Aunque Eleanor era una mujer previsora que almacenaba sacos de patatas, azúcar y carne enlatada en el granero, nunca pudo imaginar hasta qué punto aquel documento que ella impulsó y ayudó a construir sería tan necesario y duradero. Eran tiempos oscuros, las barbaries de la segunda guerra fueron las que impulsaron a buscar un instrumento que utilizar, que blandir como una bandera blanca cargada de más fuerza que las bombas de Hiroshima y Nagasaki, para que la historia no volviera a repetirse.

Nunca utilizaba lana de mohair, era eminentemente práctica y prefería los ovillos de la resistente Lincoln Longwool para tejer los calcetines y jerséis color musgo que utilizaba el presidente Roosevelt. Por eso se enfundó su uniforme de personaje secundario y no escatimó esfuerzos, propuso palabras y comas, convenciendo a los gobernantes mientras les servía una humeante taza de té. El 10 de diciembre del 48 en París amaneció húmedo, con ese cielo pesado que precede a la nieve. Se proclamó la Declaración Universal de los Derechos Humanos y brindaron.

Ella cerró los ojos, exhausta. La alegría, la adrenalina y el champagne se derramó, como el horror lo haría desde entonces cada día, en cada frontera, en cada guerra, hasta hoy. Se diseñó como herramienta para construir barreras a nuevos campos de exterminio, para cegar las chimeneas de las cámaras de gas, cortar sogas de maniatados, cizallar los barrotes... Sin saber qué se utilizaría para arrancar los apósitos que tapan la boca de los periodistas, proteger de atentados, limar las desigualdades entre hombres y mujeres, entre etnias y credos.

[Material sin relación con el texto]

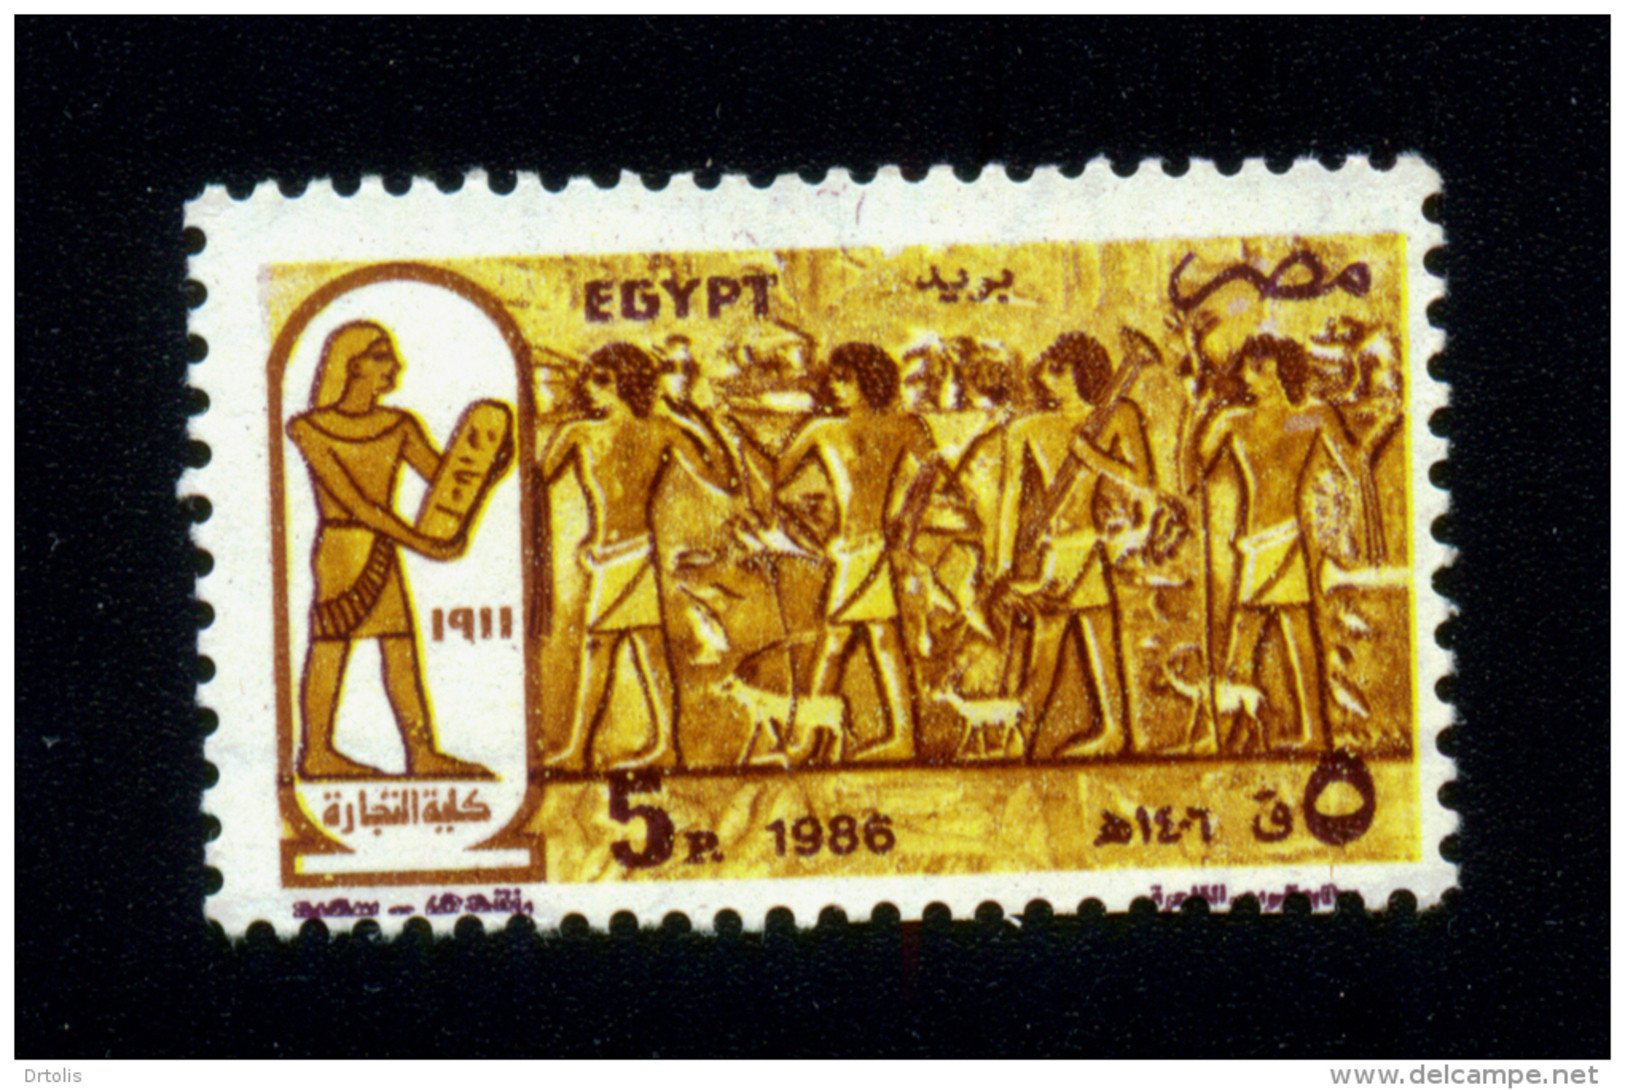 EGYPT / 1986 / FACULTY OF COMMERCE ; CAIRO UNIVERSITY / TOMB PAINTING ( BTAHHOTTEB ) ; SAKKARA / MNH / VF - Ongebruikt

Para construir estrados para los que no tenían voz, rampas, caminos llanos para quienes decidían amar a personas de su mismo sexo, puertos seguros para refugiados, esquinas sin jovenes explotadas, poblados sin matrimonios forzados, hogares sin violencia. Un listado interminable de trabajos para terminar con el dolor y una necesidad inconsolable de guarecerse bajo el paraguas de aquella declaración que hoy deberíamos seguir tejiendo para que llegue a abrigar a «cada hombre, mujer y niño que busca ser igual ante la ley. Porque no basta con hablar de paz. Uno debe creer en ella y trabajar para conseguirla».